Design

Student Teaches Kuka Robot New Tricks with Some Help from 3D Printing

We really do live in a time of great discovery, as more and more we are seeing different approaches to digital manufacturing blend together to offer new solutions. While we quite literally have our hands full trying to keep up with “standard” 3D printing, we often run into cases where other technologies combine with 3D printing to push one another’s boundaries.

Kuka Weaving3

This is often seen in artistic and academic research, where the objective is not necessarily to produce something commercially viable as much as it is to explore new roads to find out if something can or cannot be done. This is the case for a graduate project conducted by Basia Dżaman for her Industrial Design studies at the School of Form in Poznan, Poland.

Having access to a Kuka robotic arm, she was able to 3D print tailor made parts that enable the machine to weave carbon fiber coated with resin. The Kuka arm can be used for just about any type of digital production (Basia herself has programmed it to be a plotter and CNC mill in the past) and even as an extrusion system for 5 and 7 axes 3D printing.
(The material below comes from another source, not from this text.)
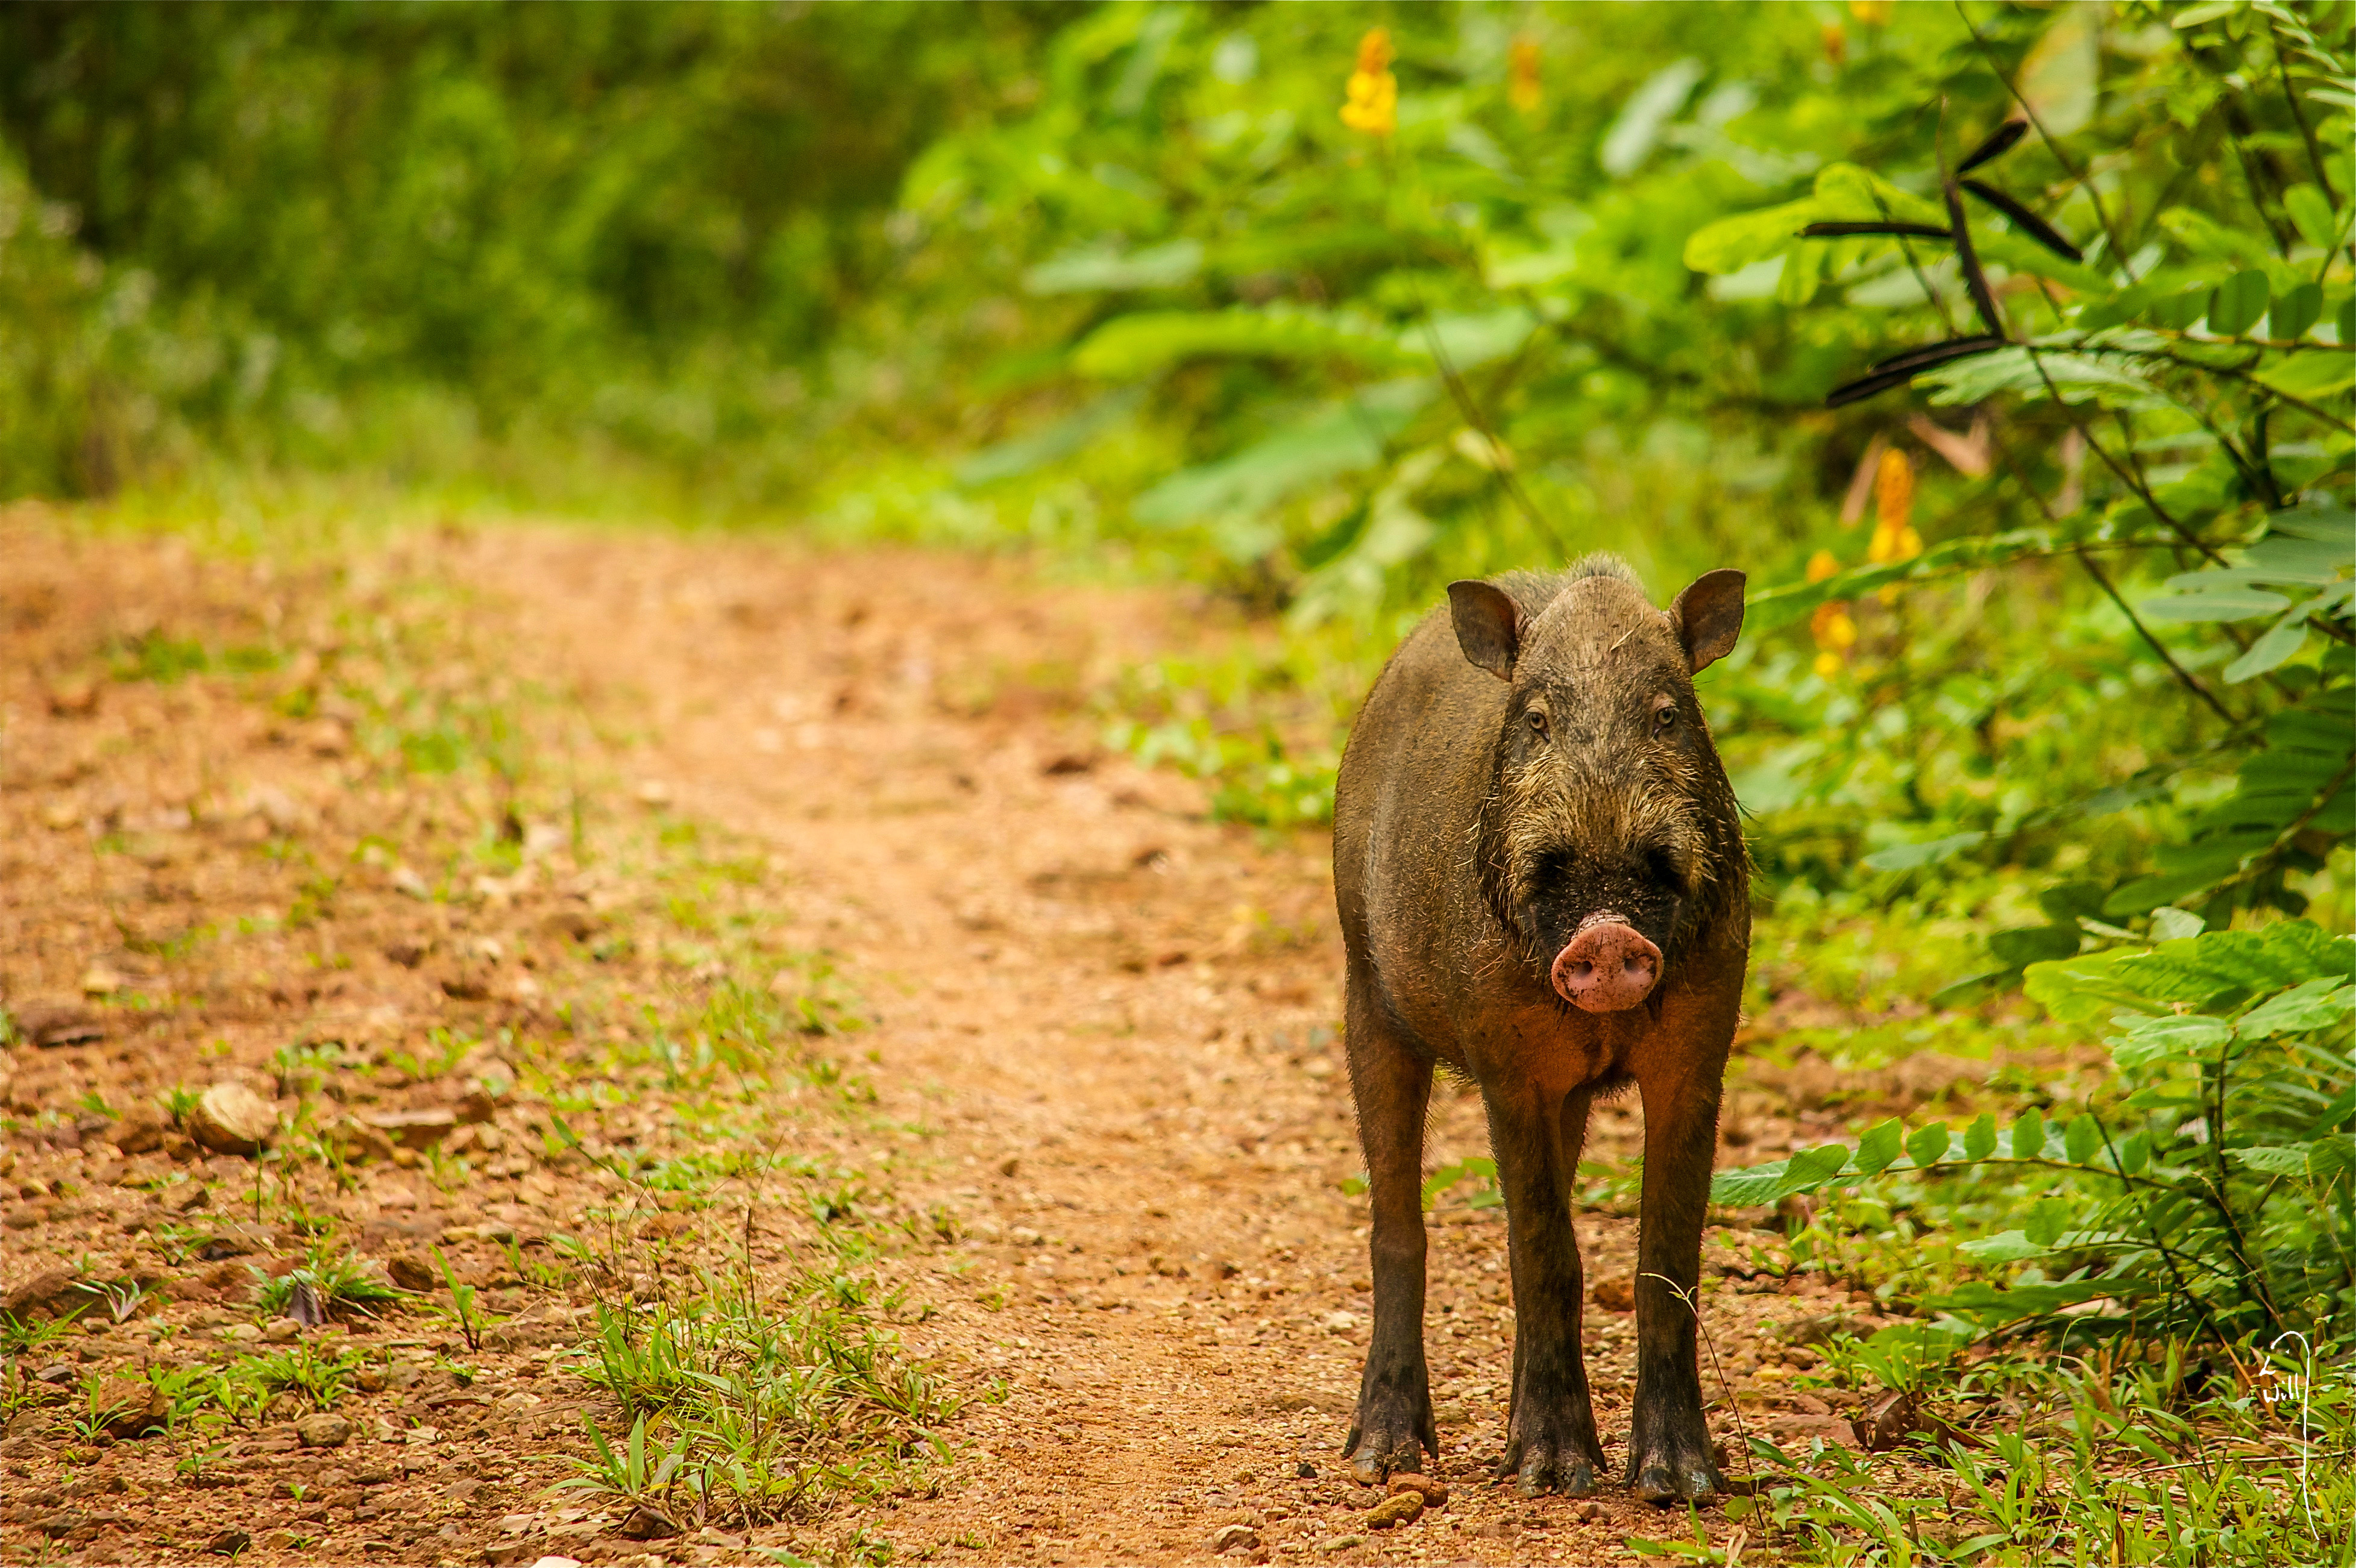 Bearded Pig, Borneo

In this case, Basia programmed it using Grasshopper to operate as an advanced “weaving machine” and was, thus, able to build a carbon construction around a supporting structure. The resulting stitches were taken from a Polish traditional embroidery style called “snutki” and were used as an example of “how to use the technology”. The program that guides the robot is flexible and generates a different outcome depending on the input points.

Kuka Weaving2

She built the tailor-made Kuka parts on a Zortrax 3D printer. Each part took a maximum of 3-5 hours to manufacture and assemble onto the robot. While the possible applications of this new trick will require some more exploration, the fact itself that such a project was possible seems significant. Before desktop 3D printing, developing a tailor-made component for a Kuka Robot within the context of a student project was not a matter of time, it was just plain impossible.